Yes, before doing more I wanted to make sure we are on the same page.
I guess my main question here is: how to make these flows common to all codes? Should they call code specific MD jobs? Or, should a calculator be attached to the Atoms object being sent to the MD flow?
Once I know this we can work on details
I guess my main question here is: how to make these flows common to all codes? Should they call code specific MD jobs? Or, should a calculator be attached to the Atoms object being sent to the MD flow?
@tomdemeyere: Good question.
Personally, I think what would likely make the most sense is to make a run_md
function in quacc.runners.ase
that would take an Atoms
object with an attached calculator just like the other methods in there. You likely were aware of that already.
From there, we get to the recipes, and my answer is: "it depends." If it is just a simple @job
(i.e. not a @flow
), then this is no different than a relaxation job --- one would just be calling run_md
instead of run_calc
or run_ase_opt
in a given code's module (e.g. quacc.recipes.emt
). Since there wouldn't be much logic beyond defining default arguments and calling run_md
, this is fine and doesn't introduce much duplication. I would treat the individual MD jobs in the same way as a relaxation --- we have a runner, which is called in the various recipes where it is appropriate. It does mean that there would be multiple MD modules, but we would need that anyway because every code will have different parameters (defaults) that are needed to properly run an MD calculation.
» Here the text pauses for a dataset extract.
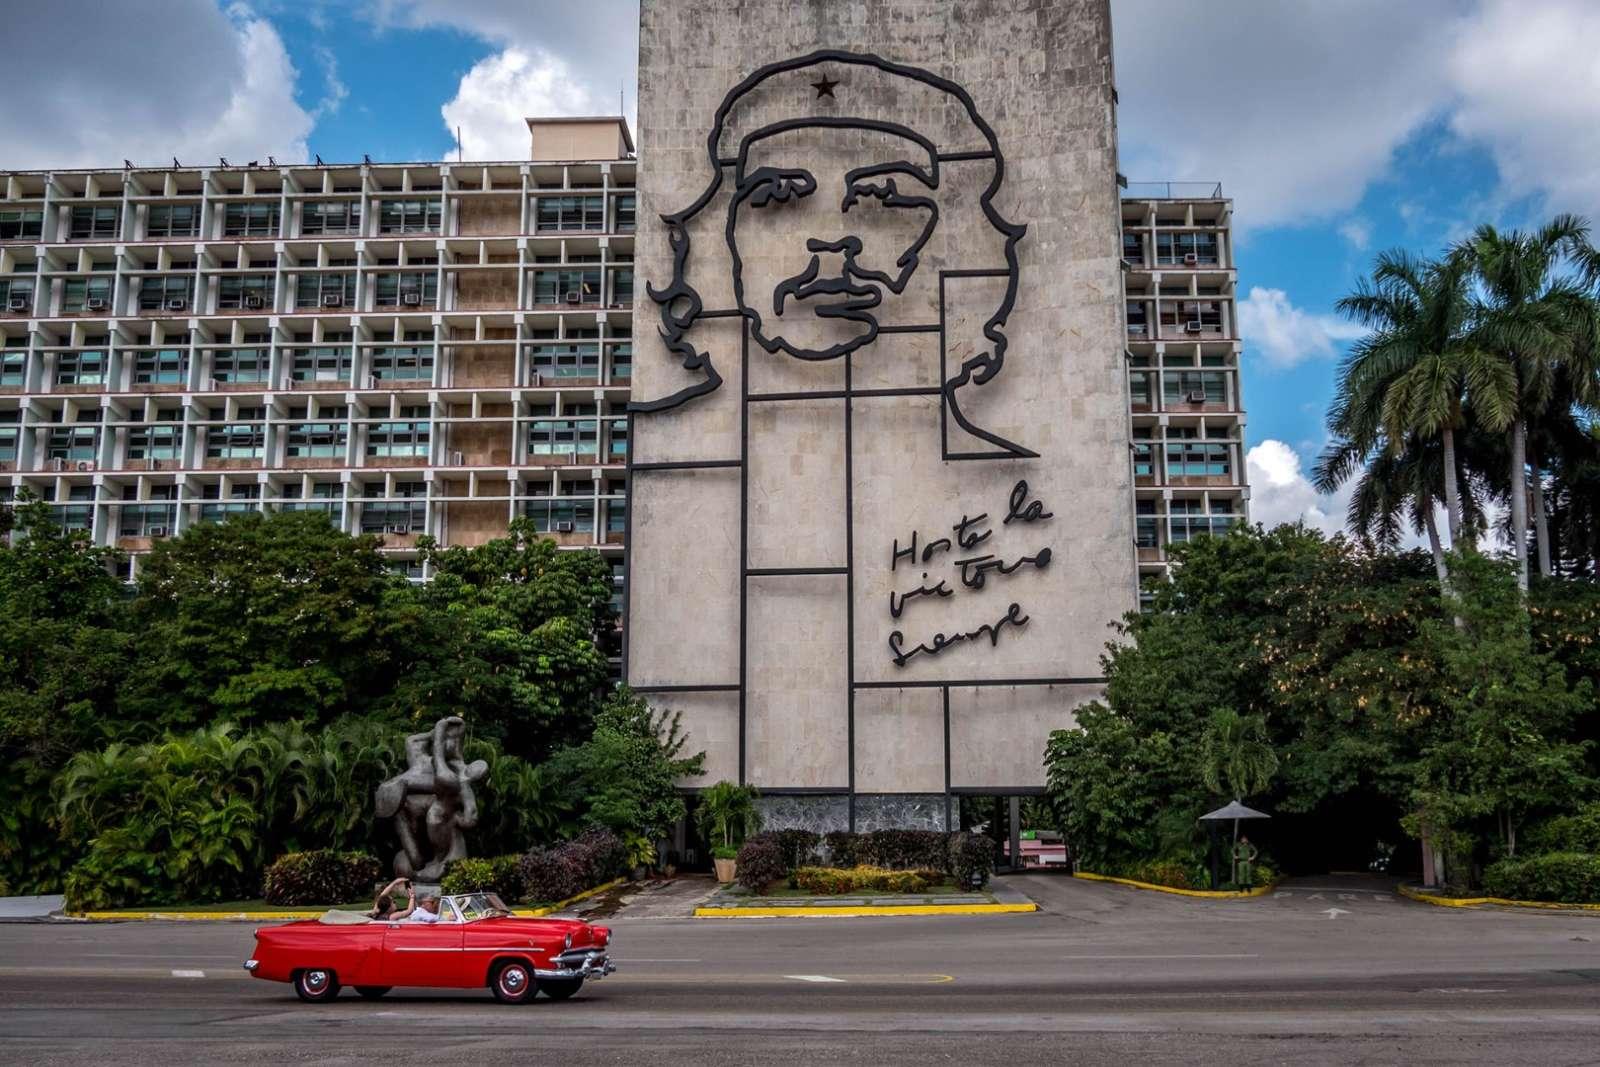 Mural of Che Guevara in Revolution Square, Havana

If we are talking about a @flow
where there are multiple Job
s being stitched together, and we anticipate this pattern (i.e. the workflow DAG) to be calculator-agnostic, then we'll put that in common
. This is the philosophy behind the existing common
recipes. But we would still need individual Job
s for each code. In general, users aren't expected to call the common
workflow directly. Aside from usability aspects, there are some other nuances about (de)serialization needed by workflow engines for why I say this, but I won't bore you with those details here.
To get started, I would suggest making quacc.runners.ase.run_md
and then a simple demo for a cheap-to-run calculator, like EMT or LJ. That will likely be illustrative and help guide the design further.
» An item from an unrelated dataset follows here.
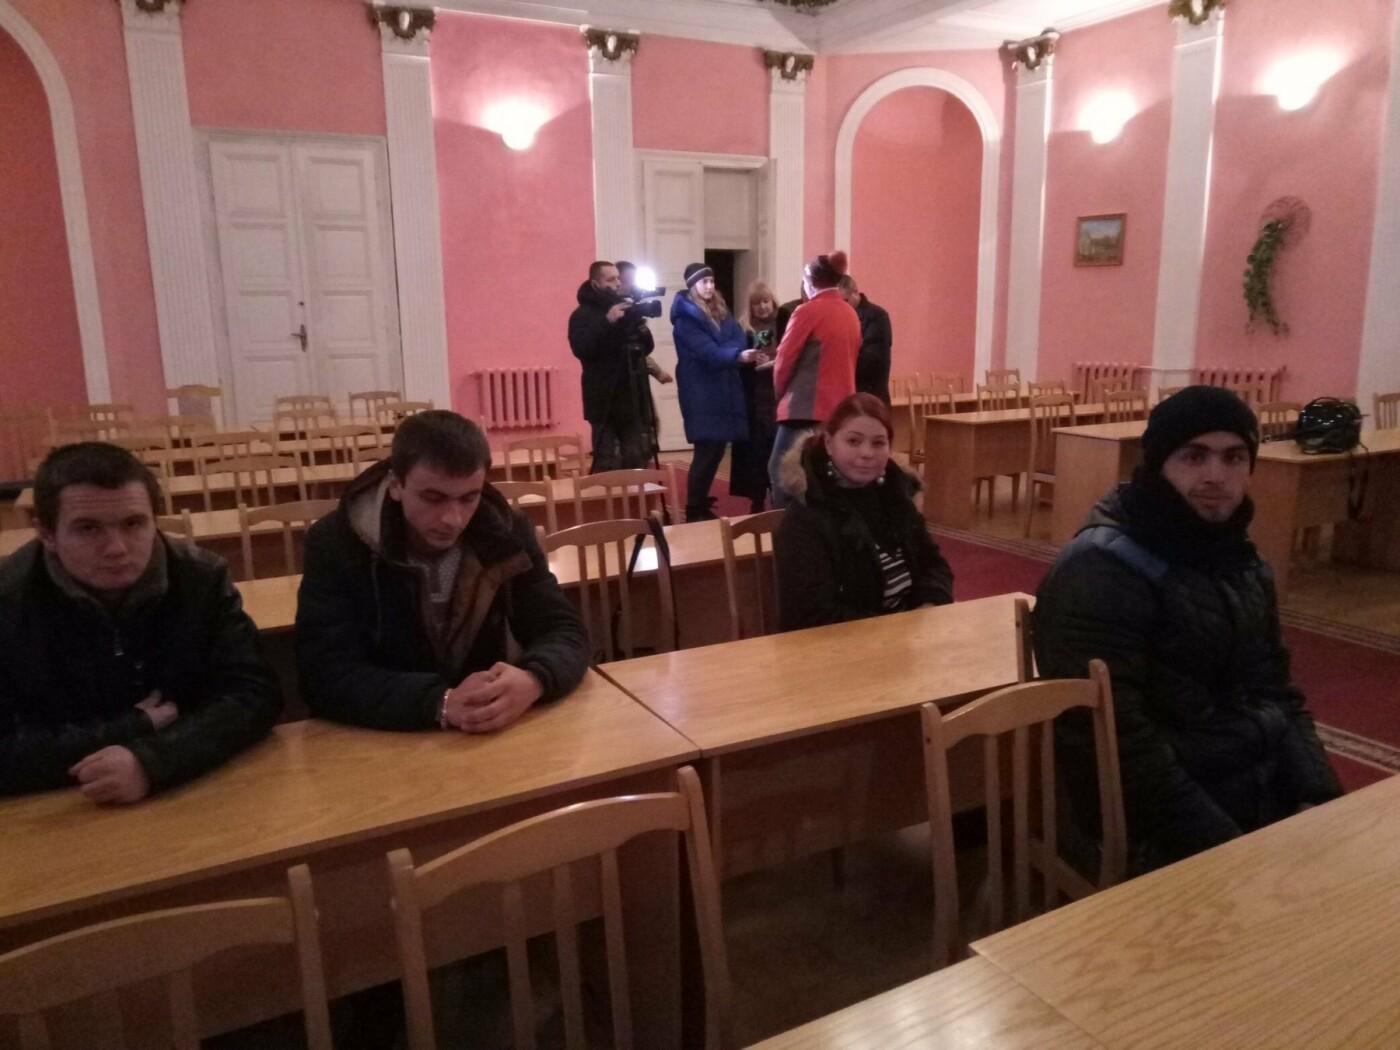 Буковинці почали активно звертаютись до військкомату: на службу відправили ще 6 кандидатів, фото-2

I should also note that we can always refactor later if there is something we can refactor. No need to prematurely optimize.
For example, should we have one NVT workflow with a parameter "thermostat", or one workflow per thermostat?
If the workflow logic is staying the same regardless of thermostat, then I would suggest one job/workflow where thermostat would be a keyword argument with a sensible default.
If you want things to be in recipe.common, atoms will have to be sent in with a calculator already attached, is that what you want?
See comment above. If we are talking about a @job
, then that would call run_md
and be specific for the code since we need to set some sensible default parameters. If it's a @flow
pattern, that can go in common
but would not require passing in Atoms
objects with attached calculators --- it would require passing in one or more Job
s.
From what I understand you want to keep things simple (not something like the code here), users then build their workflows to get what they want.
Hard for me to tell from the commit you shared here, but I am not opposed to complexity. In fact, we should not rely on the users to build something complex. If the @flow
pattern is "trivial", like a relax then an MD run, it is debatable if we should make that its own @flow
or not (honestly, it can go either way). But if it's more complex, for sure we should.
In any case, for now doing these kinds of workflows is difficult, because it is generally hard to transfer results between ASE calculators, which will always happen between runs, this is critical since MD needs momenta and forces to ensure proper continuation. (This is a problem I would like fixed above since it also causes problems when restarting optimization etc)
This is a good point. However, I think it is solvable. Let's circle back to this when the time is right.
@Andrew-S-Rosen Thanks for all these details. I will come back to it at some point
@Andrew-S-Rosen I think this is now a good point to have your input
Thank you for kicking this off, @tomdemeyere! Really appreciate the contribution!
This is looking good. I have some comments that are mostly related to some minor restructuring.
Starting with this isolated EMT example is very helpful for me in understanding the process and figuring out what should be refactored, so I thank you for doing that.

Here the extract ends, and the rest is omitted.